Я записал свои наблюдения в объемистый блокнот Уэста в кожаном переплете, пока он осматривал тело.
- 10:27 вечера, - сказал он. - Шесть минут двадцать три секунды с момента инъекции. Пока никакой заметной реакции. Никаких признаков окоченения. Конечности мягкие, гибкие. Мертвенная бледность не изменилась. Окоченение проходит... температура сейчас неуклонно растет, - oн посмотрел на секундомер. - Спустя семь минут сорок секунд температура тела заметно повышается. Шестьдесят один градус... Теперь шестьдесят два[6].
Уэст продолжал свой осмотр, пока я лихорадочно писал при свете лампы; вокруг меня скользили тени. Сквозь адский шум существ в этой комнате я мог слышать, как снаружи завывает ветер, слышать скрип дерева, скрежет ветвей по крыше.
- Температура поднялась на два градуса, - сказал Уэст.
Это действительно происходило, и я чувствовал это, как и много раз в прошлом. Как это объяснить? Как будто что-то в атмосфере комнаты слегка изменилось, как будто сам эфир вокруг нас был заряжен какой-то невидимой вредоносной энергией. Клянусь, я чувствовал, как оно ползет по моим рукам и вверх по шее, как нарастающий статический заряд. Тени, отбрасываемые лампами, казалось, стали гуще... маслянистые, змеевидные фигуры, которые скакали вокруг нас. Эти мерзости в своих клетках, казалось, почувствовали это, и они начали то, что можно считать только скулящим/писклявым/лающим/визжащим хором звериного гнева и ярости, который был отчасти страхом, а отчасти почти человеческой истерией. Нечестивая голова этой первобытной обезьяны начала шевелиться в банке с сывороткой, присасываясь дряблыми губами к стеклу, как улитка. И различные конечности в пузырящихся сосудах с жизненной жидкостью начали безумный, адский танец, стуча и ударяясь, руки шевелили пальцами и плавали, словно водяные пауки. И в этом чане с чумной тканью, в этой кипящей тверди грибкового, безбожного творения, было движение и шипение и странные шлепающие звуки. Металлическая крышка начала дребезжать, как будто то, что было внутри, отчаянно хотело выбраться наружу.
И затем...
Сквозь эту вакханалию плотских чудовищ я услышал постукивание. Один палец на левой руке женщины задрожал. Он постукивал по плите, как будто в нетерпении. Затем ее тело резко дернулось, спина выгнулась, кости напряглись под тонкой кожей, и из глубины ее горла вырвался низкий скорбный стон.

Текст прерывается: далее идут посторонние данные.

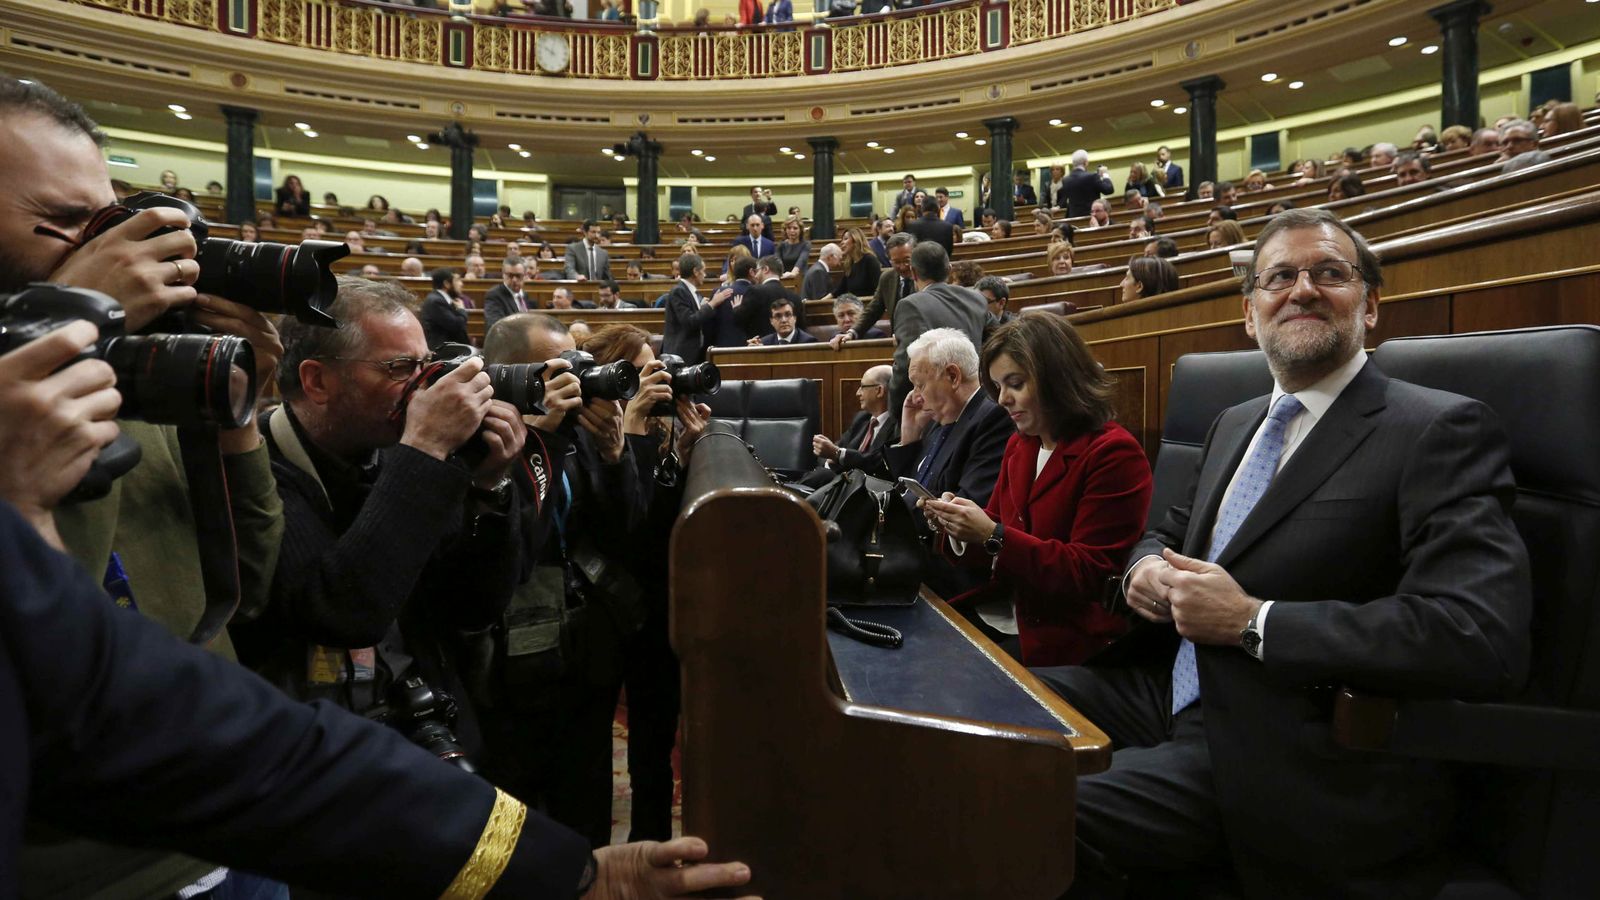 Foto: El presidente del Gobierno en funciones, Mariano Rajoy, en el Congreso junto a todos sus ministros y la vicepresidenta, Soraya Sáenz de Santamaría. (Efe)

- А-а-а-а-а-а, - выдохнула она. – Га-а-а-а-ах-х-х.
Это был сухой и царапающий звук, похожий на скрежет когтей по бетону, похожий на шорох древних саванов в оскверненной могиле.
- Девять минут тридцать две секунды, - сказал Уэст, перекрывая шум. - Реанимация достигнута...
Я боялся соприкоснуться с ней, боялся, что мои пальцы коснутся этой сияющей, почти фосфоресцирующей бледной плоти. И я говорю вам сейчас: она почувствовала мое беспокойство, наполнилась моей тревогой и дрожью. Ибо глаза на этом череповидном лице открылись, и они были блестящими розовыми шарами, прозрачными, как яичные желтки, с крошечными зрачками-булавками. Она посмотрела прямо на меня, слегка наклонив голову и одарив меня мертвой улыбкой желтых узких зубов и почерневших десен. Это была невеселая, сардоническая ухмылка чистой злобы, которая заставила меня сделать шаг назад.
- Не вставай, - сказал ей Уэст, как будто она была пациентом, который только что прошел сложную процедуру.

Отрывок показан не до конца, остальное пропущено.